COP 16 – A chance to turn ambition into action

Whilst the U.S. election battle has been grabbing the headlines recently, another global event – COP16 (the “biodiversity COP”) – has been taking place in Cali, Columbia. This was the COP for governments and global stakeholders to turn ambition into action on nature, following approval of the Kunming-Montreal Global Biodiversity Global Framework at COP15.

“Humanity needs nature to survive, and so do the economy and banks.”[1]

75% of all bank loans in the eurozone area are tied to companies that are highly dependent on at least one nature-based ecosystem service.[2] In 2023, the European Central Bank highlighted that a failure to halt and reverse biodiversity loss will make lending riskier and will increase banks’ exposure to financial risk[3] – financial risk that is already materialising according to a recent report published by Bloomberg NEF.[4]

It is imperative that financial institutions start to take notice of biodiversity and nature. Those who choose not to engage will find themselves not only exposed to financial risk but also regulatory risk, with a new wave of environmental regulation including the (albeit delayed) EU Deforestation Regulation[5] and the Corporate Sustainability Due Diligence Directive[6] coming into play.

Action today on understanding and addressing nature-related risks is not just about doing what is right. It is also key to good risk management – helping to mitigate exposure to financial and regulatory risks associated with nature depletion.

What are the key takeaways?

  1. TNFD is fast gaining momentum

Over 500 organisations have now committed to adopting the Taskforce on Nature-related Financial Disclosures (TNFD)-aligned nature-related risk management and corporate reporting, marking a 57% increase since January 2024. This movement reflects a growing acknowledgment of nature’s importance in managing business risks and opportunities, with $17.7 trillion in assets under management now aligned with TNFD reporting.[1]

Improved biodiversity data will empower financial institutions to better assess nature-related risks, and embed this data into lending and investment decisions.

Over 500 organisations and $17.7 trillion AUM now committed to TNFD-aligned risk management and corporate reporting [7]

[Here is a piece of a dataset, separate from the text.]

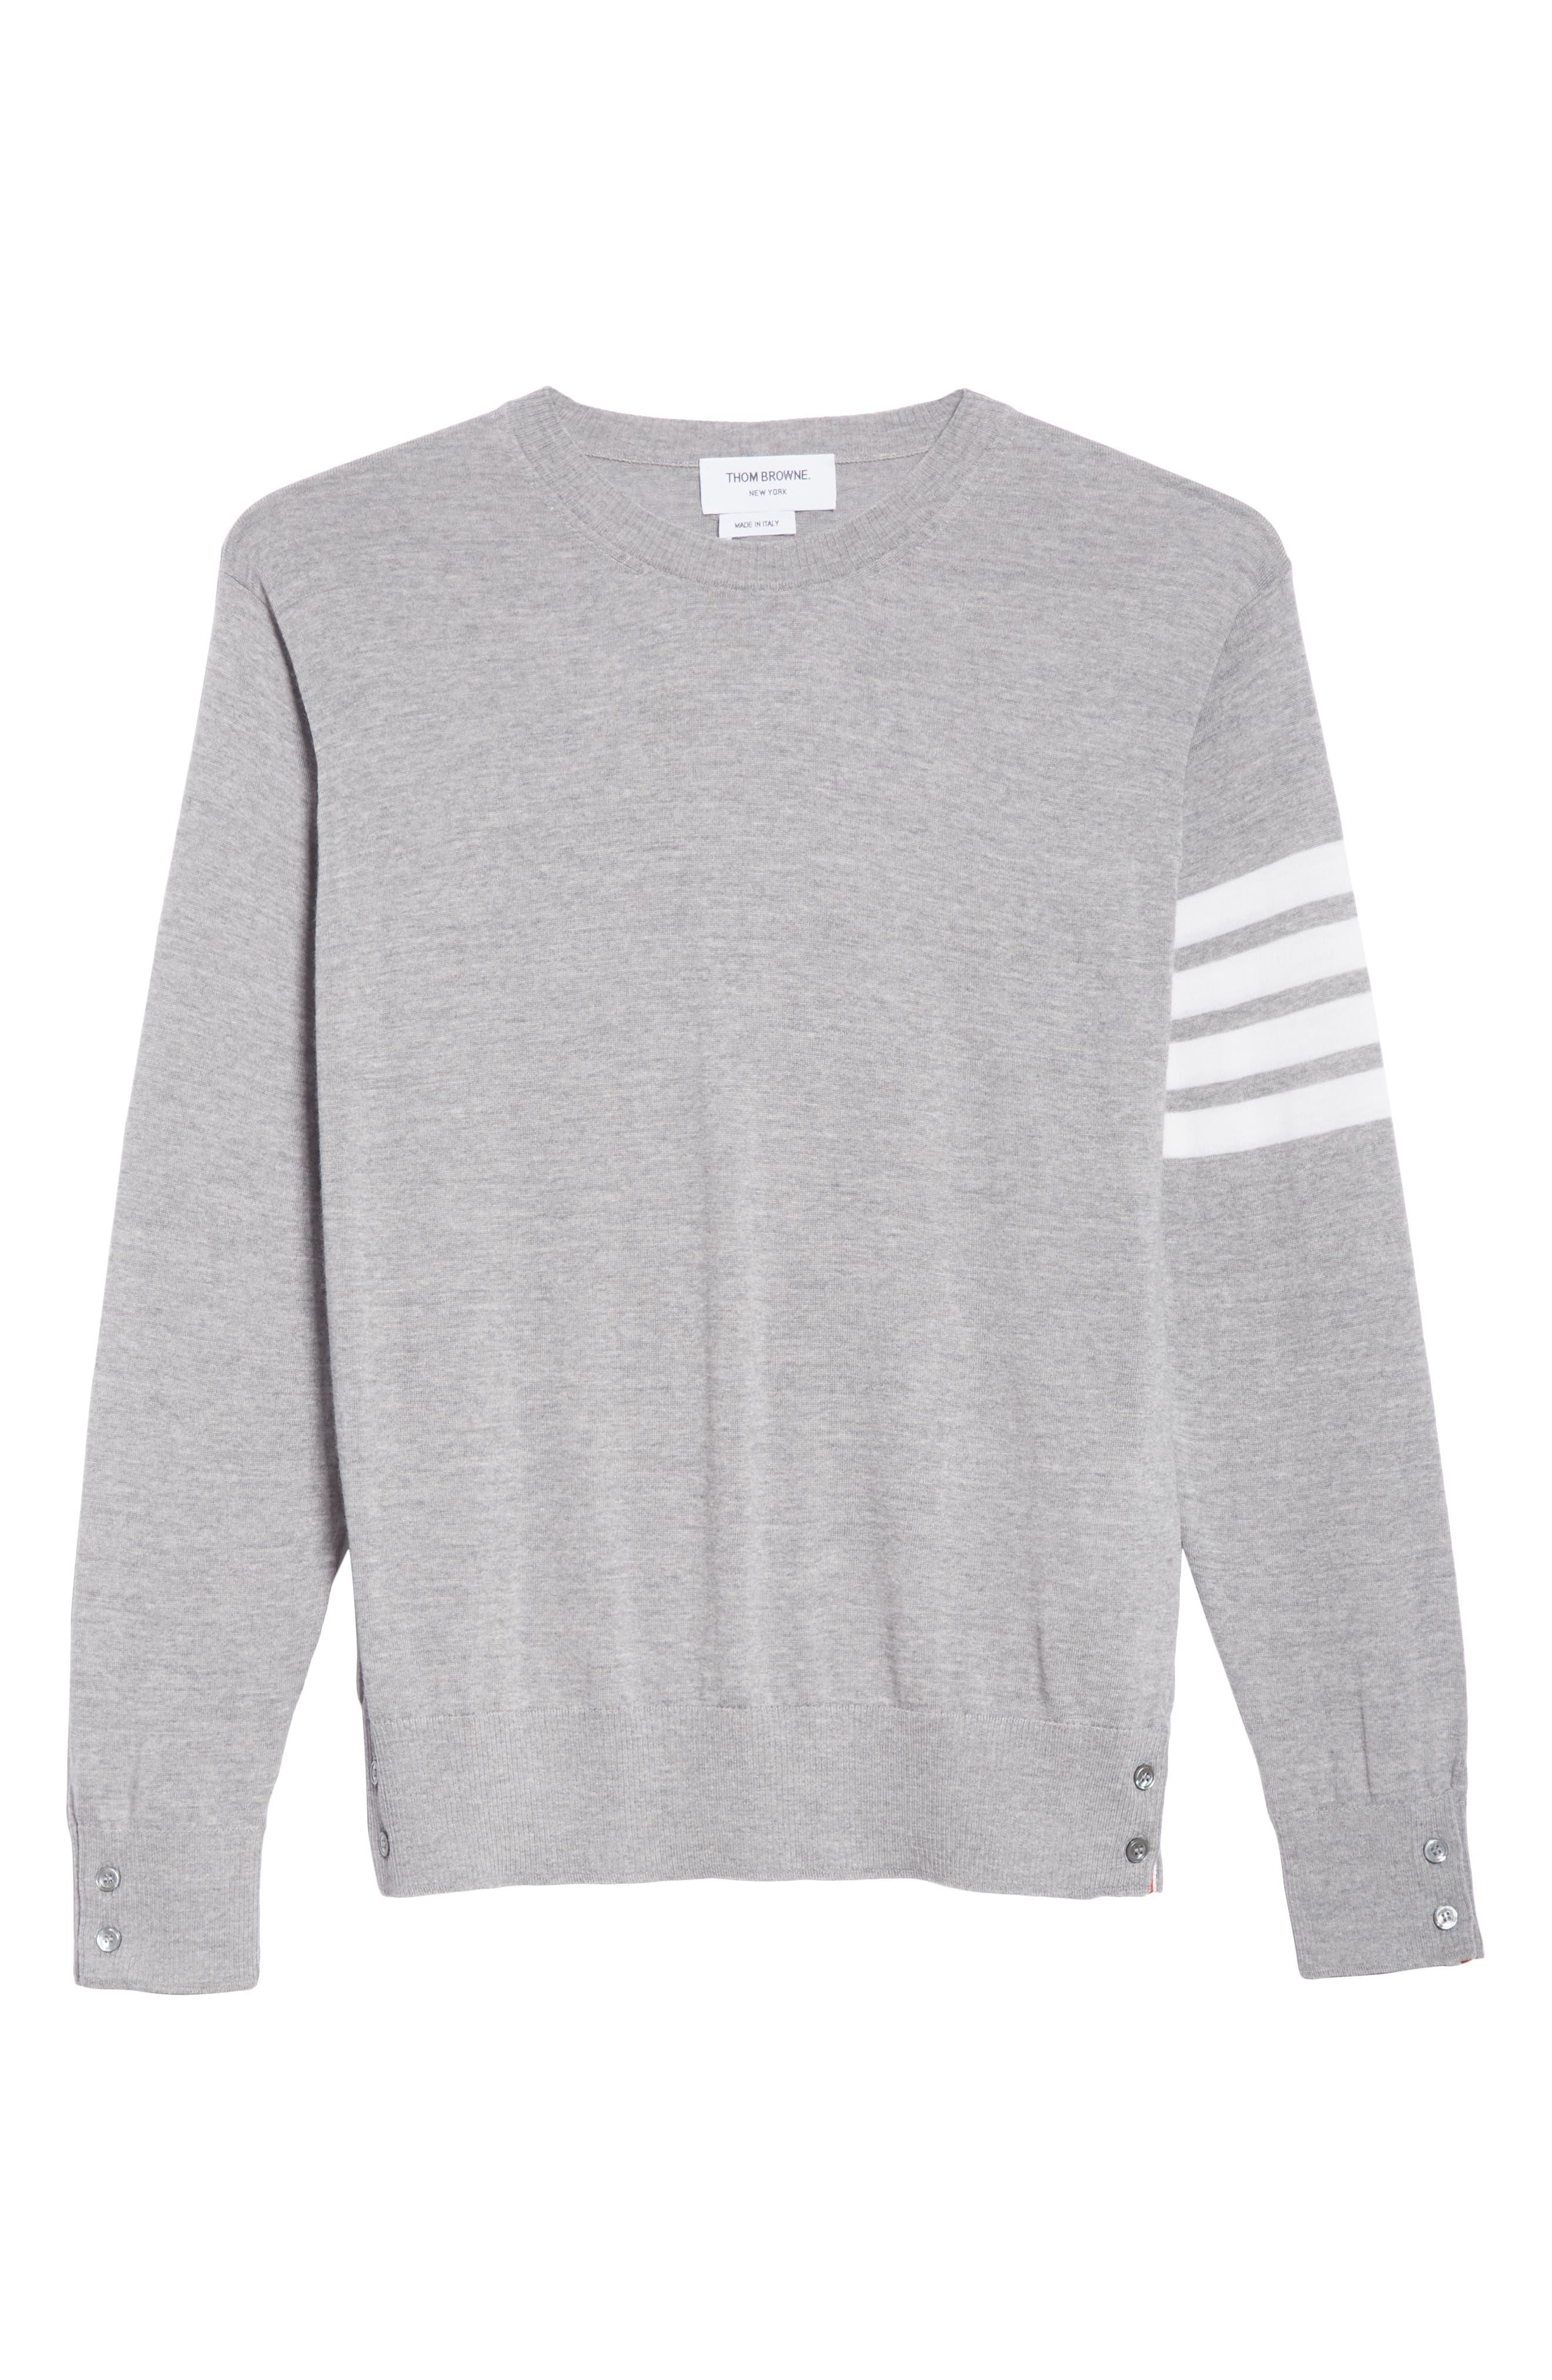 Merino Wool Pullover,                             Alternate thumbnail 6, color,                             LIGHT GREY

2.       Nature to be embedded into transition planning

COP16 saw the announcement of two separate consultations on nature and transition planning. The TNFD published a discussion paper on draft guidance on nature transition planning aimed at corporates and financial institutions developing and disclosing a transition plan in line with the TNFD recommended disclosures. The Glasgow Financial Alliance for Net Zero (GFANZ) consultation meanwhile focuses on voluntary guidance on incorporating nature into net zero transition plans for financial institutions.

The TNFD consultation closes on 1 February 2025, while the GFANZ consultation period runs for 90 days beginning 27 October 2024.  We encourage you to engage with these consultations given the importance of nature in transition planning.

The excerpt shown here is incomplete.